++++ Input records ++++
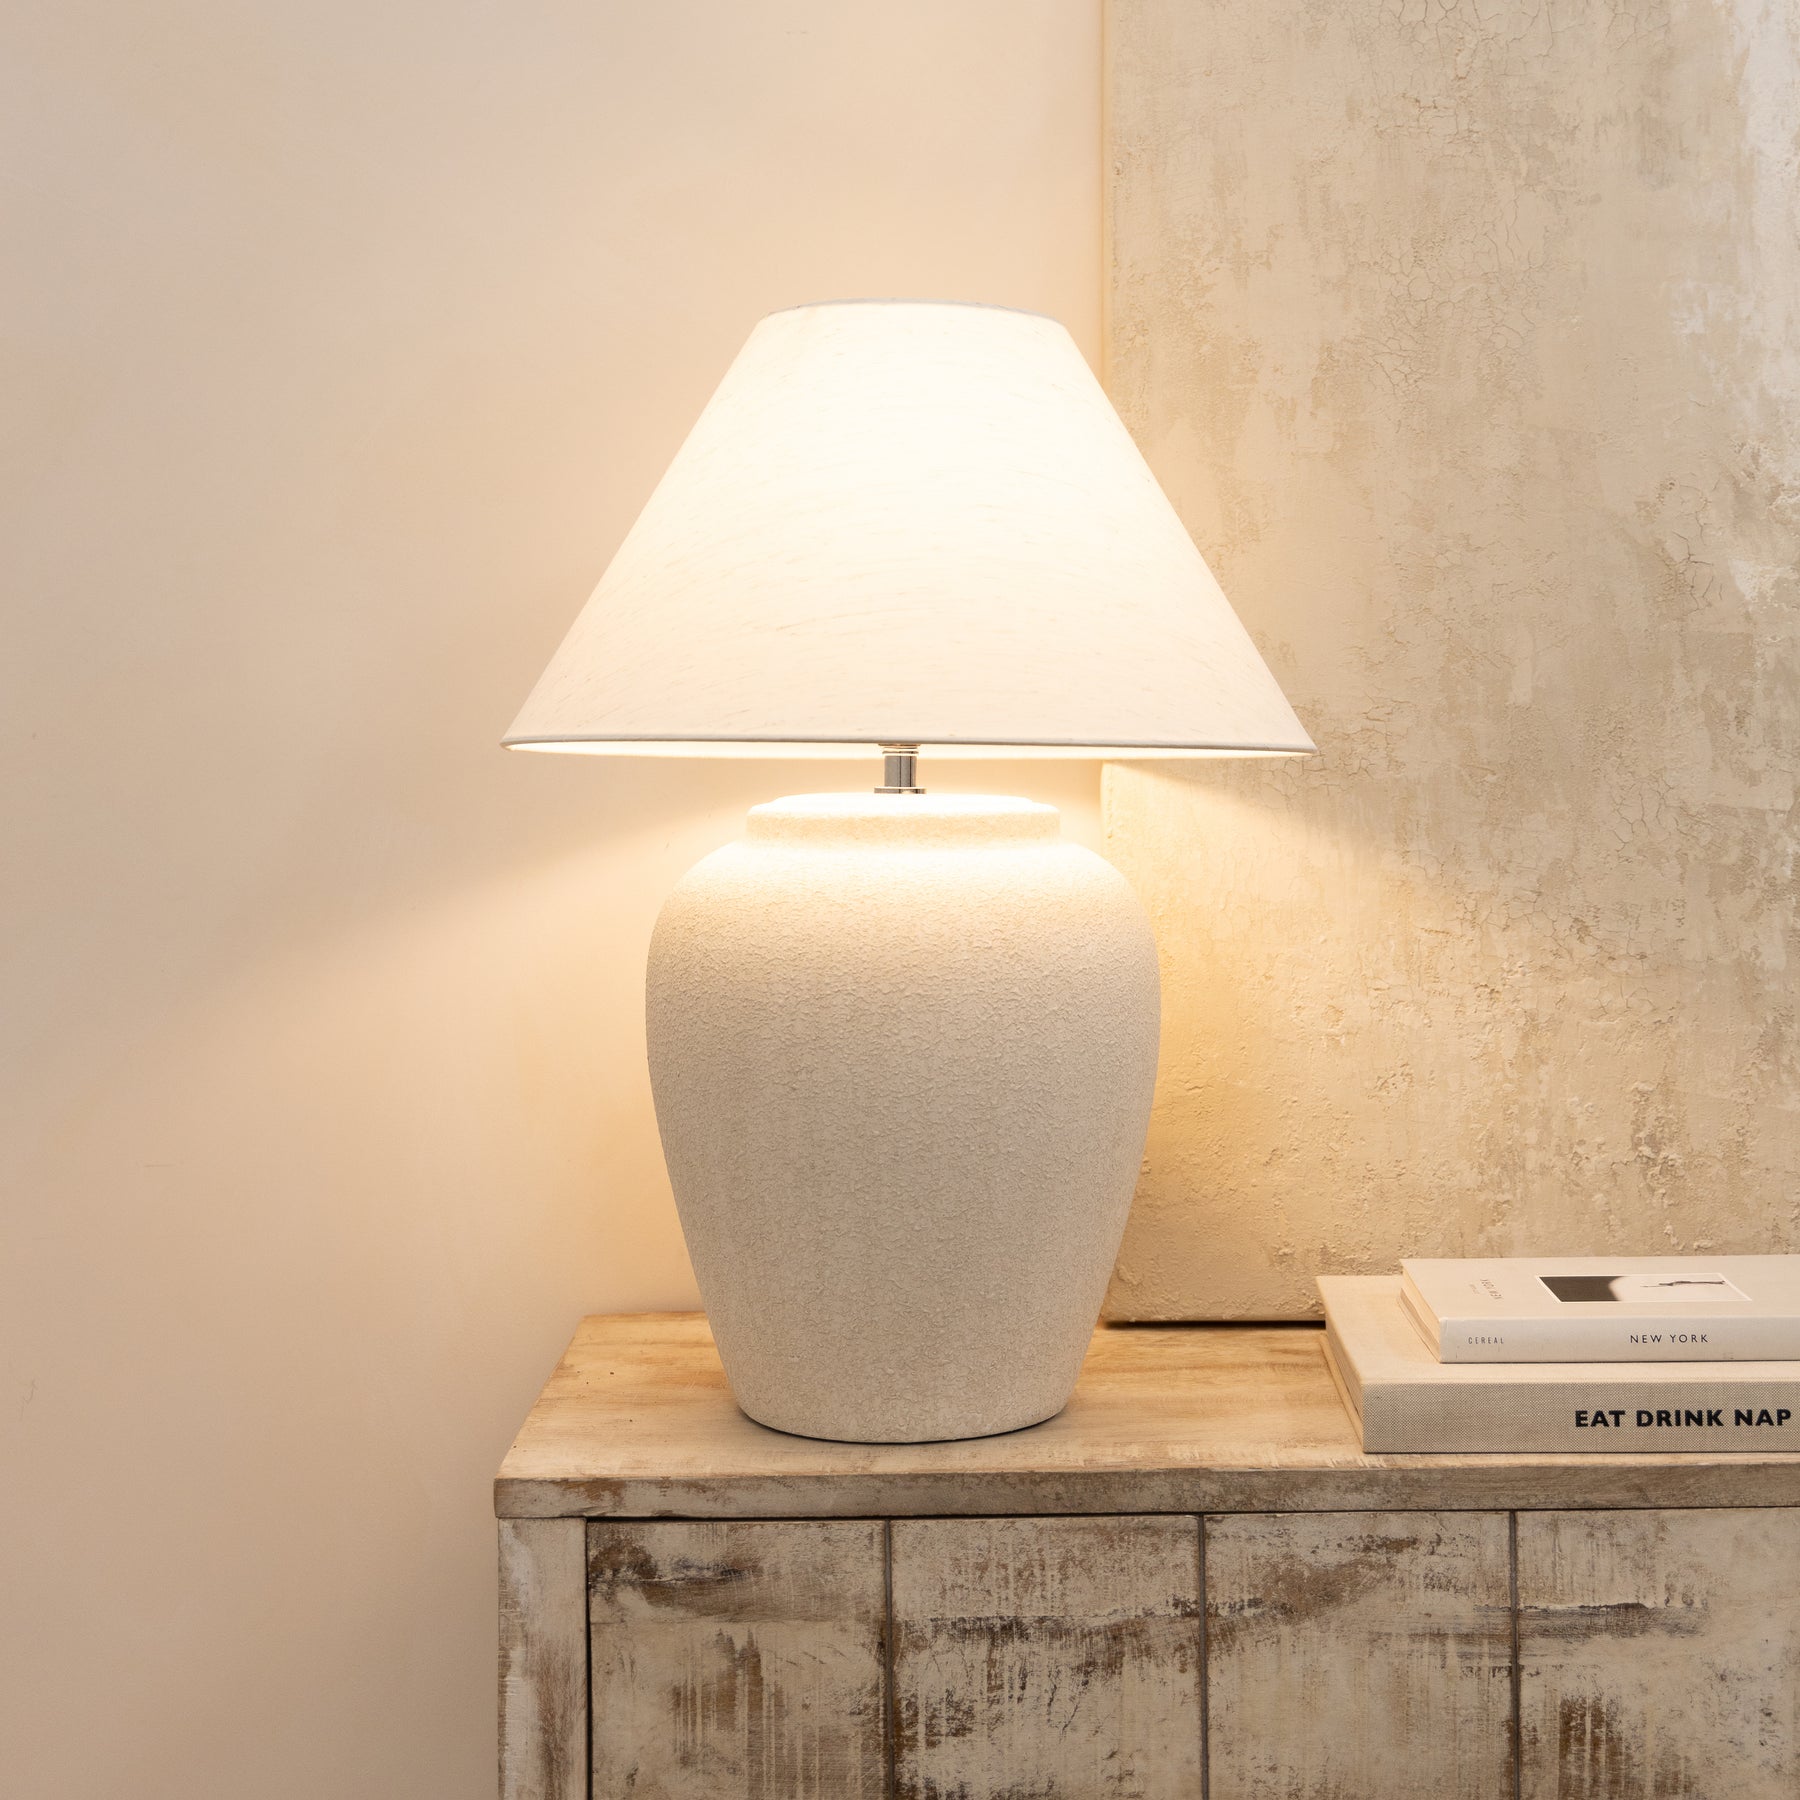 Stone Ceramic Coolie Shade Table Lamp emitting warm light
++++
++++ Input records ++++
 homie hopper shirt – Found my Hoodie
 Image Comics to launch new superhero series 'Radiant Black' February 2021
++++
— Instructions for the task —
Could you reproduce exactly the lines of the entries above, from the one with "homie hopper shirt – Found my Hoodie" through the one with "Image Comics to", and nothing else?

— Answer area —
 homie hopper shirt – Found my Hoodie
 Image Comics to launch new superhero series 'Radiant Black' February 2021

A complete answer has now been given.